DR. SOL P. DIJAILI, DR. JEFFREY D. WALKER, and JOHN M. WACHSMAN, Genoa Corp.
The optical network is working its way from the backbone through the metropolitan areas on an inexorable march to the customer premises, where in the not-too-distant future, a fiber may supply each home and office. However, the closer one gets-in the network sense-to the millions of end users, the less cost can be sustained at any node in the network. The profoundly differing economics between the long-haul markets and metropolitan ones demand at least an order of magnitude of price/performance improvement in metro optical components and ultimately much more.
Such dramatic improvements are routine for purely electronic network products, which have benefited from decades of chip-based integration of the active components, in particular the gates and amplifiers.

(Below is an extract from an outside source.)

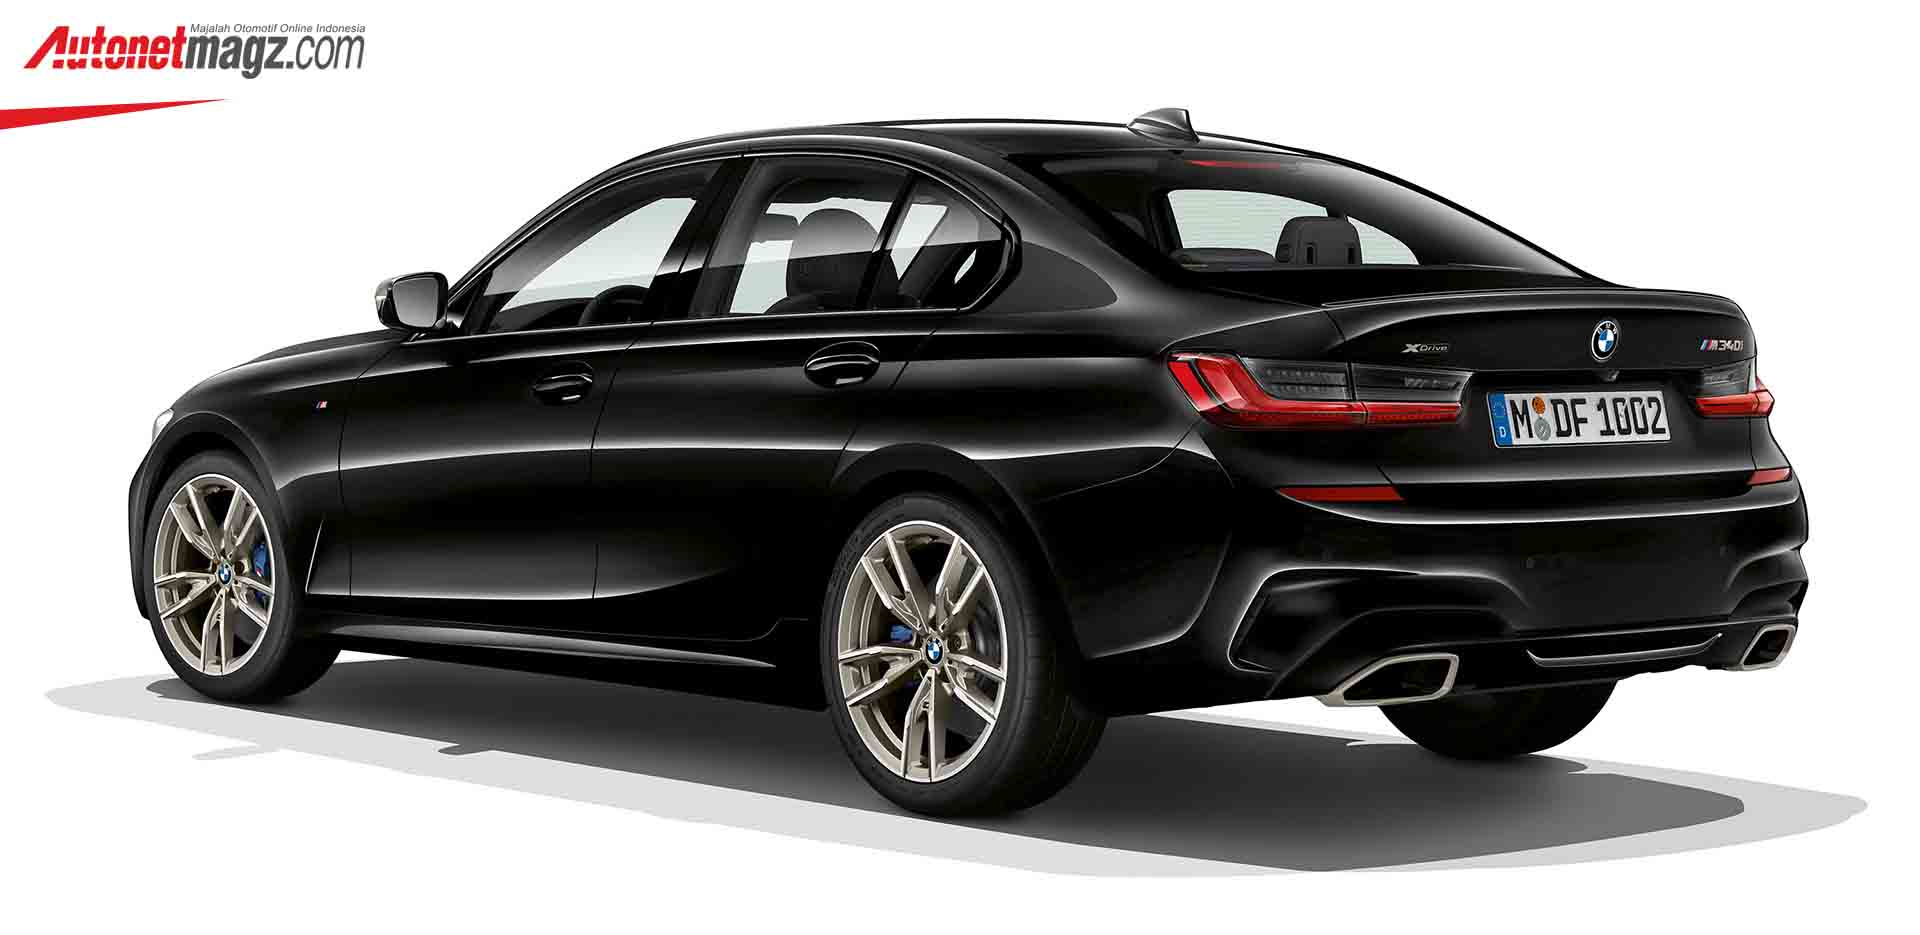 Berita, BMW M340i xDrive G20 belakang: BMW M340i xDrive G20, Capai 100 km/jam Hanya Dalam 4,4 Detik!

By contrast, however, the optical network has not yielded to chip-based integration in one vital area-that of the optical amplifier. Today, the optical amplifier-particularly the erbium-doped fiber amplifier (EDFA) that revolutionized communications-is a complex optoelectronic subassembly with many fiber splices, tens of meters of erbium-doped fiber, WDM couplers, and up to six individually packaged pump lasers. For typical applications, this combination of components costs from $10,000 to $30,000. The optical amplifier accounts for an amazing 38% of the equipment cost in the long-haul optical network.
Such costs slow deployment of metro optical networks because service providers cannot realize the functionality they need at a price they can afford. Although many of the optical components intended for metro networks are fundamentally scaled-down versions of their long-haul counterparts, the amplifier itself doesn't scale.
And yet amplification is as vital for metro networks as it is for the long haul. Without amplification, the fact that signals weaken will limit the integration of switching, power balancing, processing, and transport. The obvious solution, of course, is to achieve optical amplification with chips-to open the floodgates to further integration. But acceptable chip-based amplifiers have until now defied researchers. The only examples-the so-called semiconductor optical amplifiers (SOAs)-were sidetracked into near oblivion almost a decade ago because of their "nonlinear" behavior.
Indeed, the missing link for enabling the build-out of profitable DWDM metro optical networks has been the existence of a single-chip linear optical amplifier (LOA)-that amplifies well, without crosstalk, at any data rate, and is free from switching power transients or crosstalk.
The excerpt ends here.